Your loglik density could be viewed as the probability if all 
of the deltas = 1, and when loglik>0 then clearly the pdf 
changes a lot over that delta.

So you're assuming several conditions that are not always met.
Or making several approximations that can sometimes be good and 
other times be bad.  (I guess you'll say, yes, and a lot more
assumptions/approximations besides!)

Especially when the output values range over several orders of
magnitude it seems unlikely that they represent intervals of
the same size and much more likely that the logs represent
intervals of similar sizes.  
In any case, the intervals can't be the same sizes for both 
the original outputs and their logs.

It occurs to me that your approximation of just measuring the 
pdf at one point assumes the same value for the entire interval, 
which makes all of the deltas independent - the formula above 
could be claimed to account for different deltas by changing
delta ^ #datapoints with the product of the deltas.  
But really each interval should be evaluated on the CDF to 
account for the fact that the PDF changes over the interval.

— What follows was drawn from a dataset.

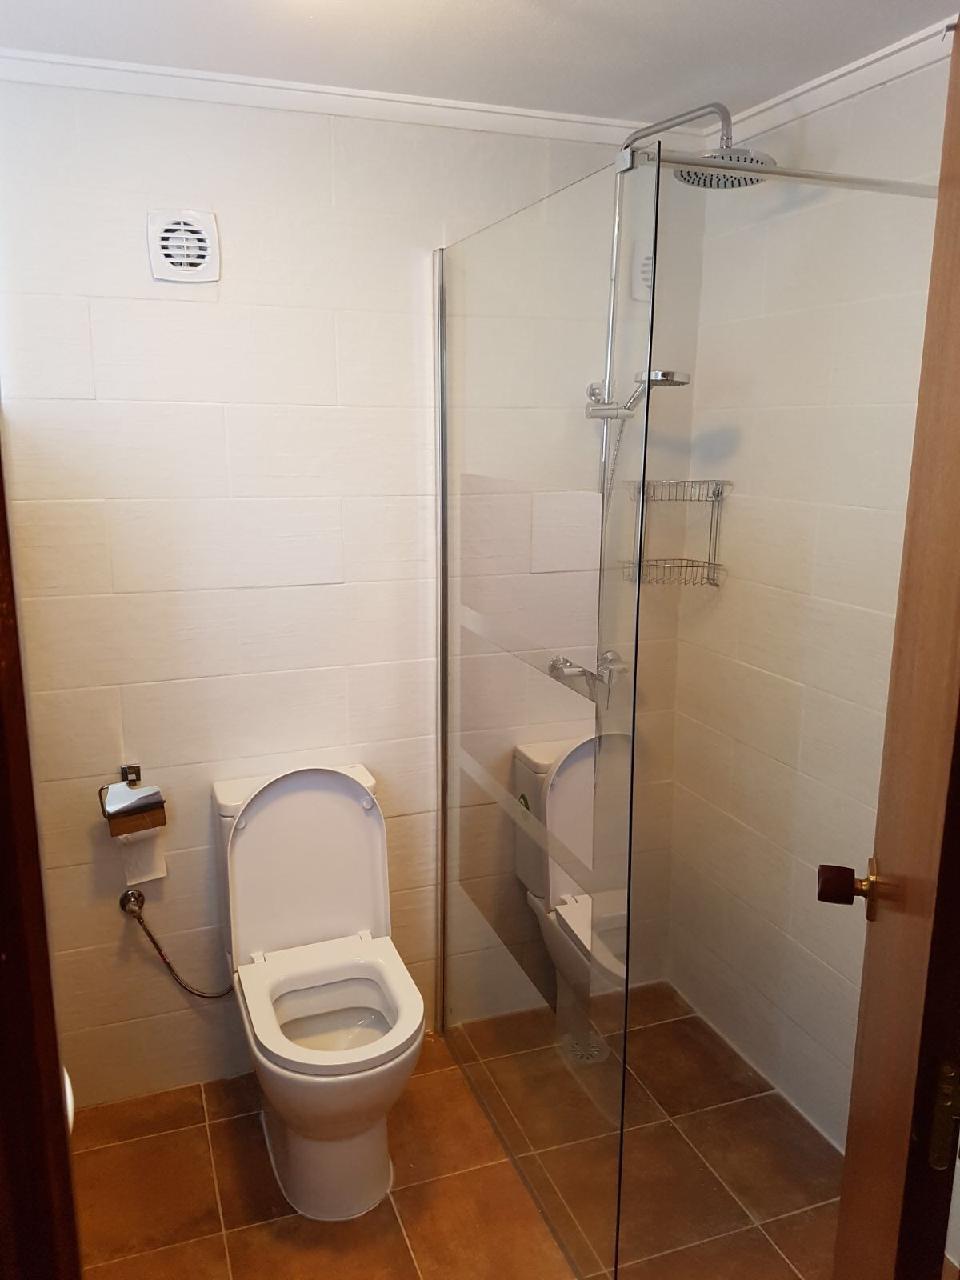 Appartement de vacances Sonnige 3.5 Zi-Wohnung am Meer (1026876), Torrevieja, Costa Blanca, Valence, Espagne, image 17
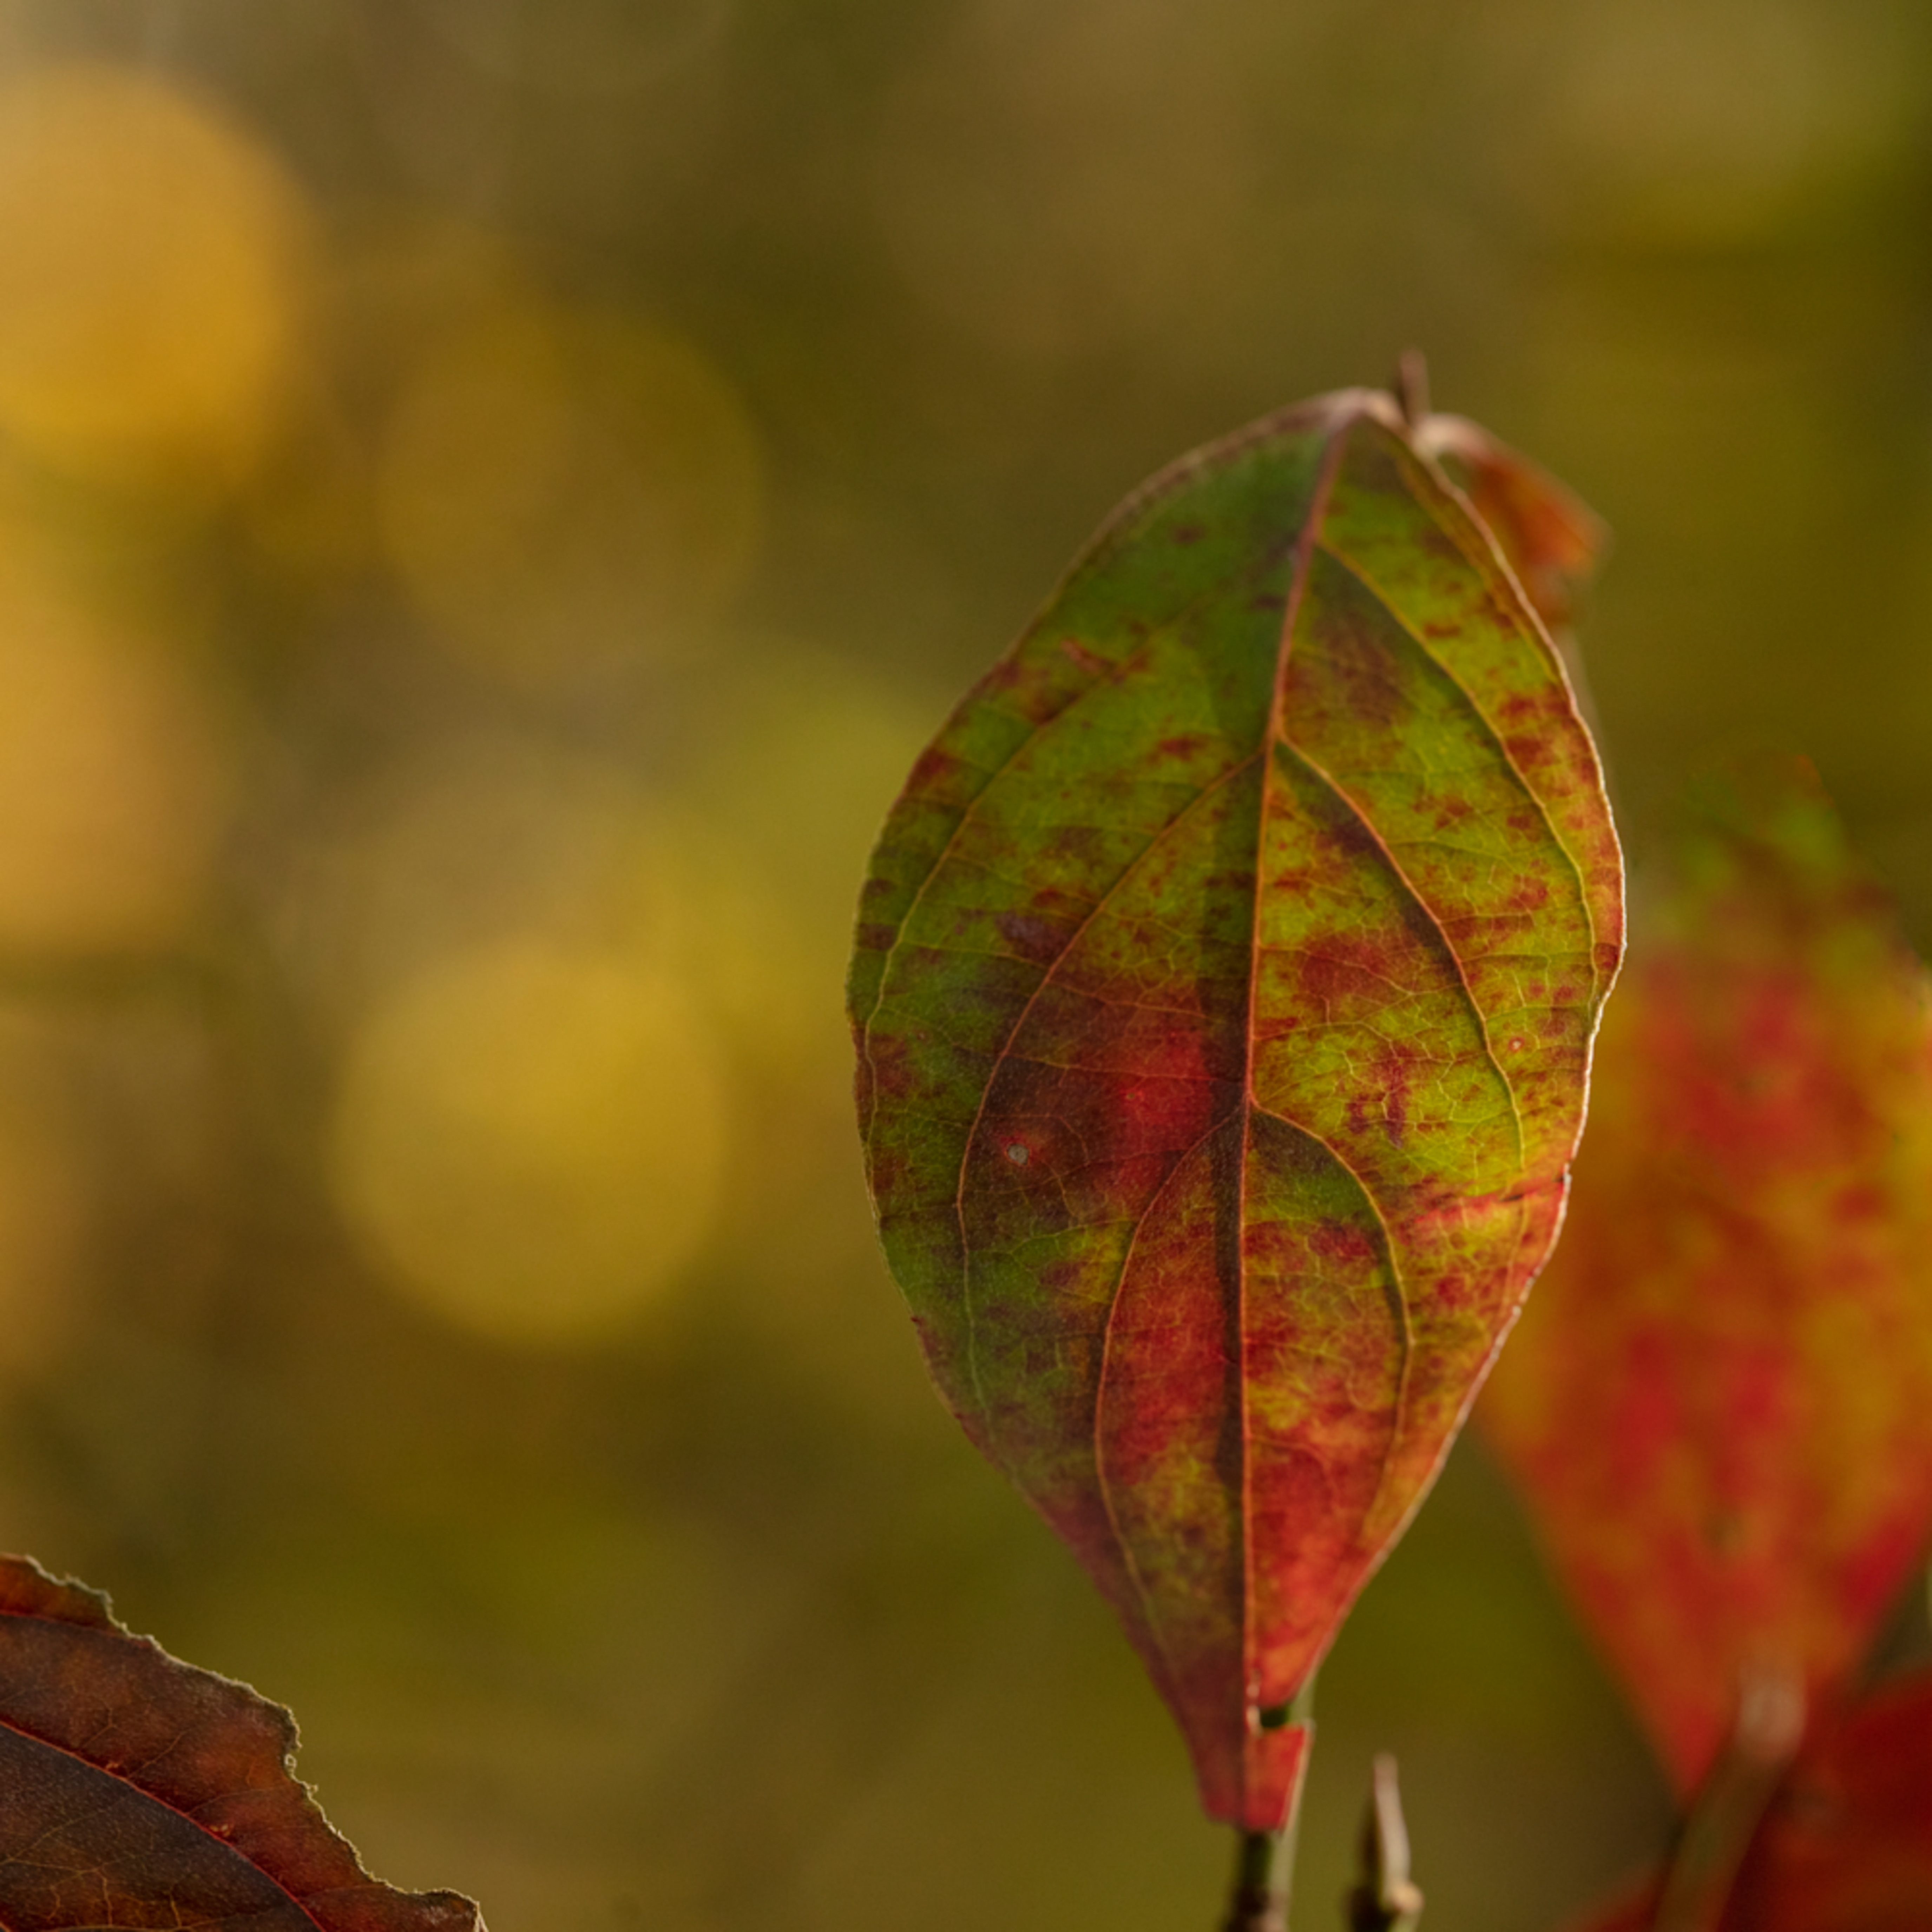 Dogwood leaf 0705fss healthcare art neu0k9

Do you agree that the probabilities I would compute with 
ranges of outputs would be comparable to those I'd compute
with log transformed ranges in another model?  I had the
impression before that this was the same correction as the 
one you've referred to (not quite described).  But it now
occurs to me that your correction may only be correcting for
the size of the intervals, and not also for the changes in
the PDF over the intervals.  

Where can I find more details on the correction for 
transformation of the output variable?

 >  The other complication is that the likelihood of a mixed model
 > *does* involve an integral (but it's an integral over the random
 > effects, and doesn't come into the argument above).

I think I understand that random effects involve an integral,
but I don't yet see the complication that introduces.
Perhaps it's related to how that integral is evaluated?